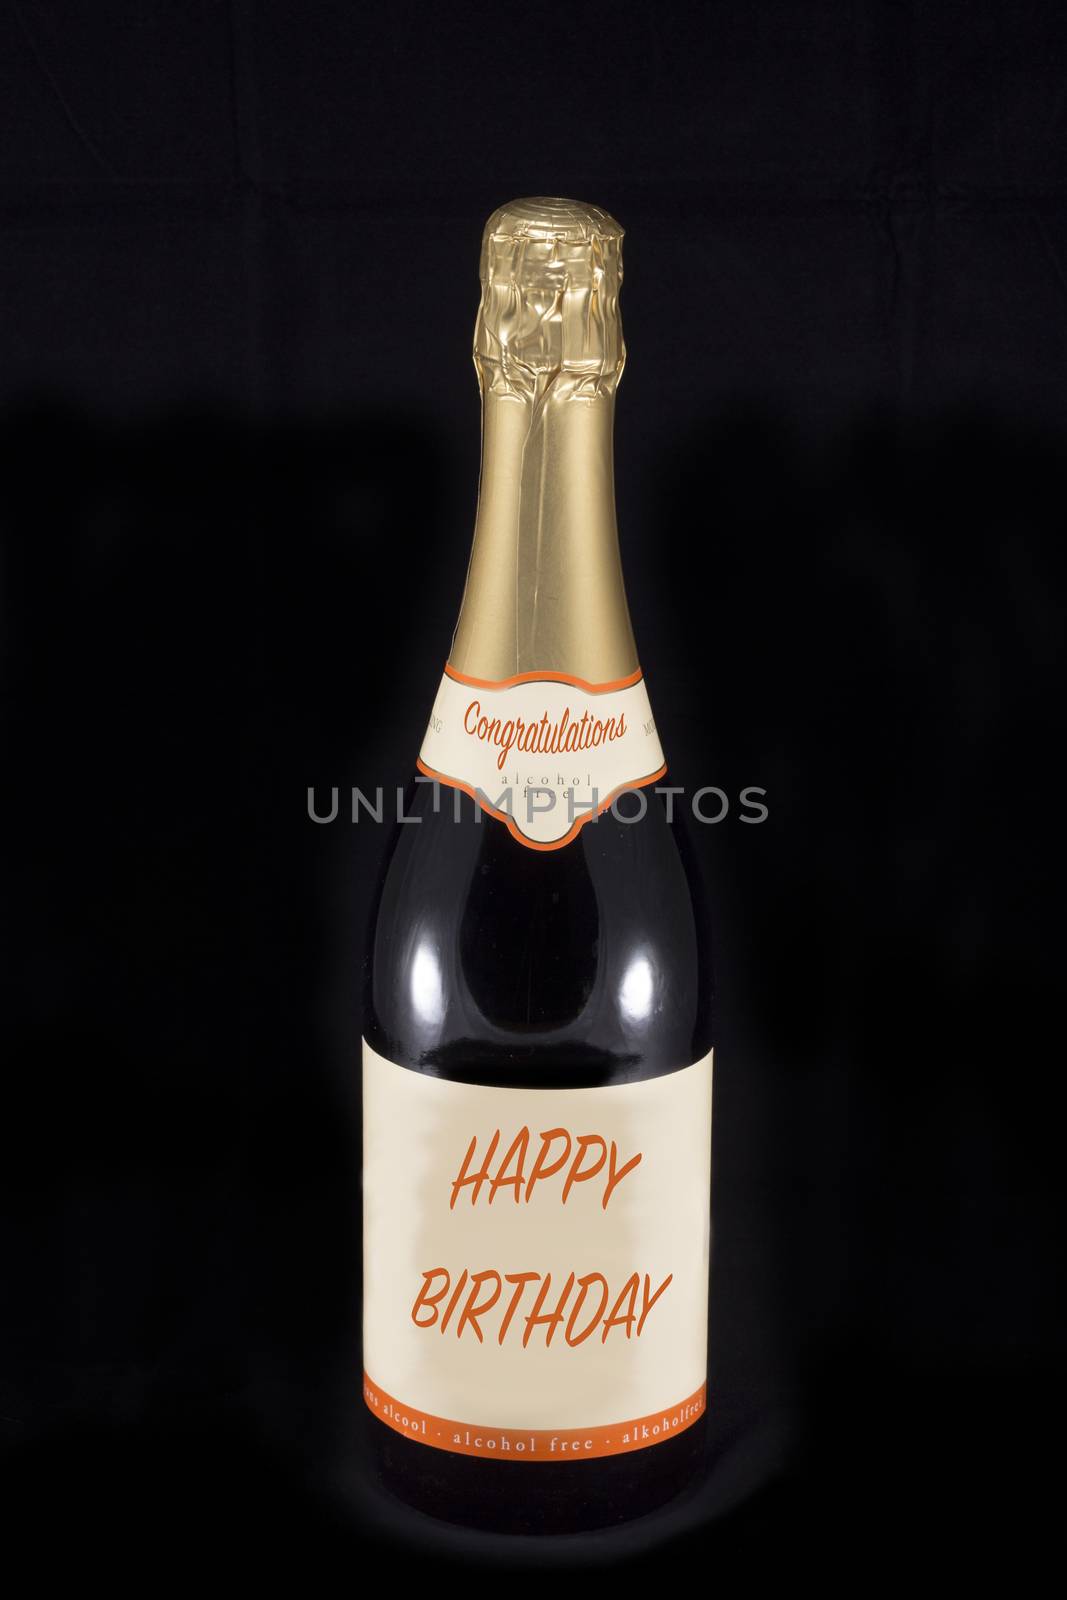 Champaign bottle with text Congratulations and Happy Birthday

◆ ◆ ◆ ◆ ◆

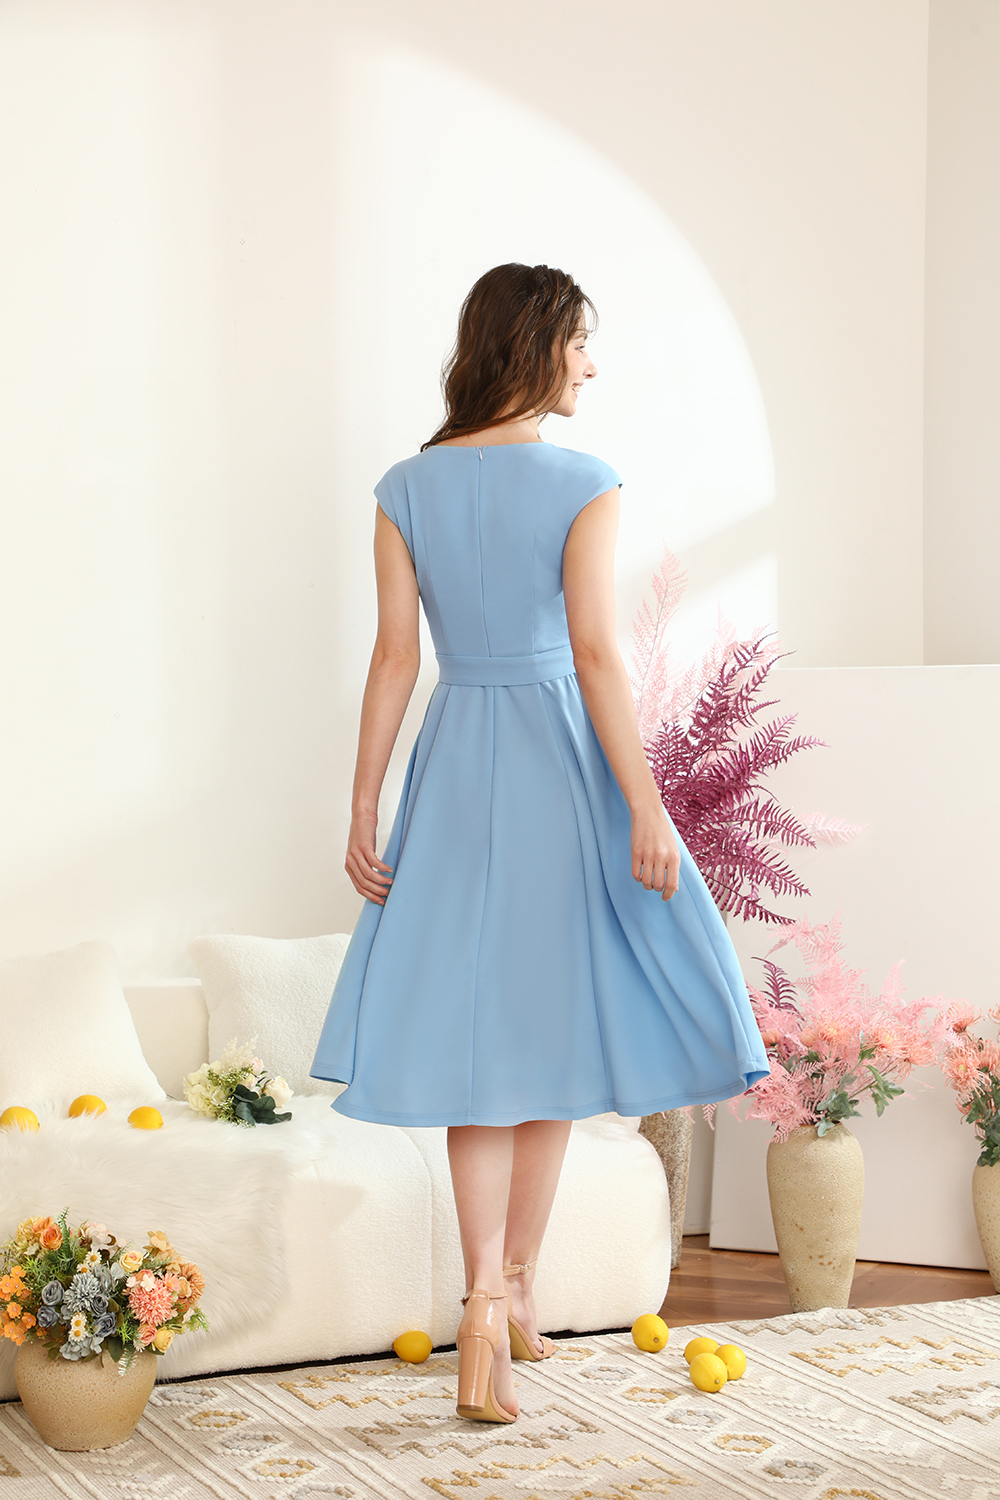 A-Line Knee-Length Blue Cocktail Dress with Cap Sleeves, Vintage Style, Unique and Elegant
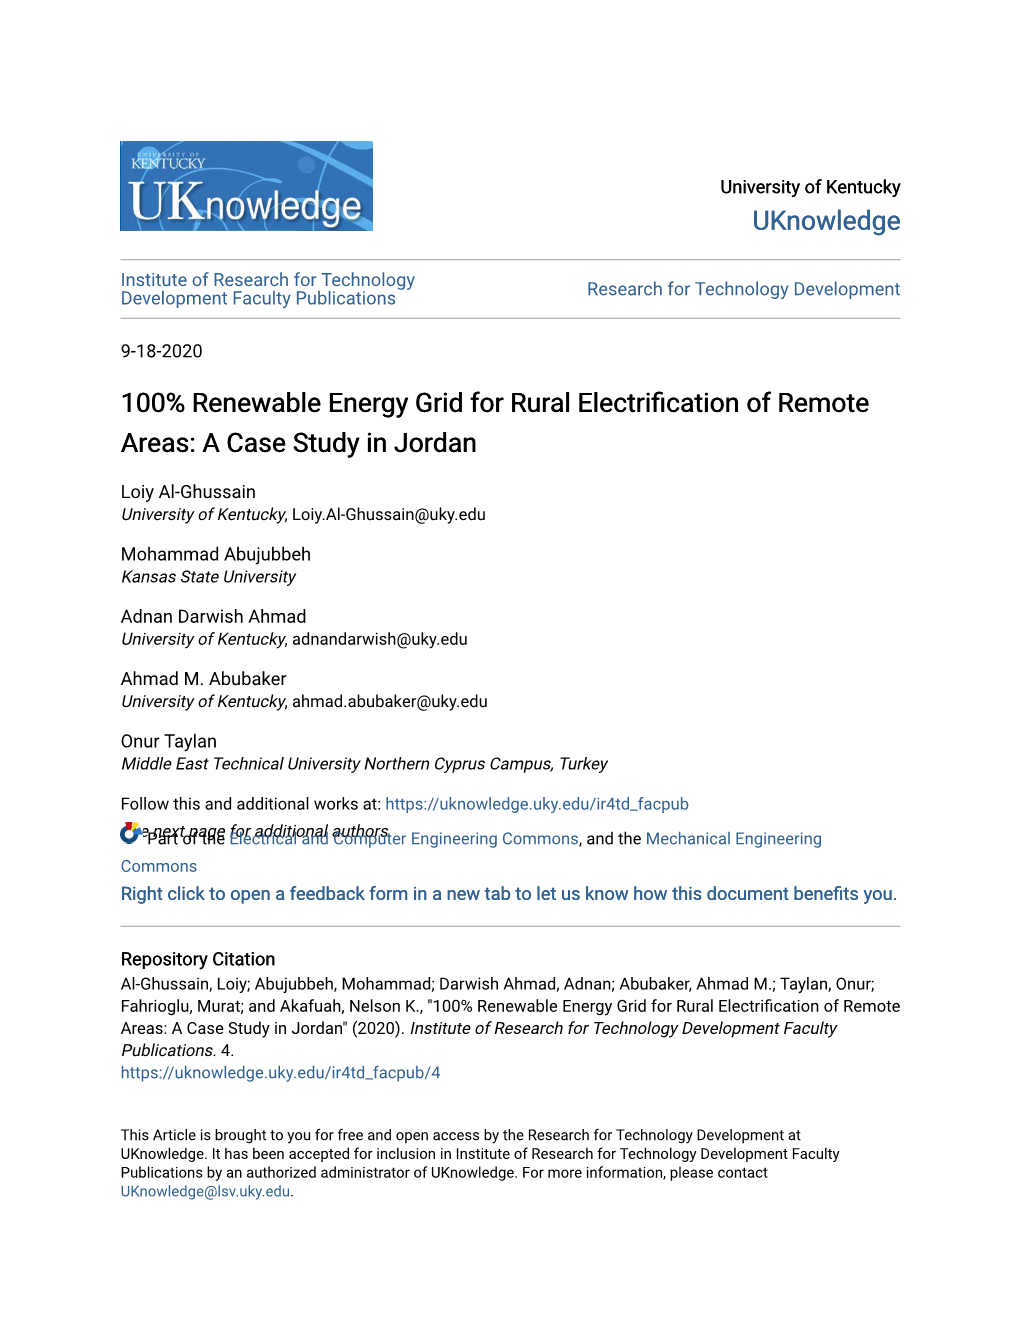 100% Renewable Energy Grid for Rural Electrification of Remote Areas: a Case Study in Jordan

◆ ◆ ◆ ◆ ◆

Reproduce the entries exactly, from the line with "A-Line Knee-Length Blue" to the line with "100% Renewable Energy", both lines included, keeping no pictures.

 A-Line Knee-Length Blue Cocktail Dress with Cap Sleeves, Vintage Style, Unique and Elegant
 100% Renewable Energy Grid for Rural Electrification of Remote Areas: a Case Study in Jordan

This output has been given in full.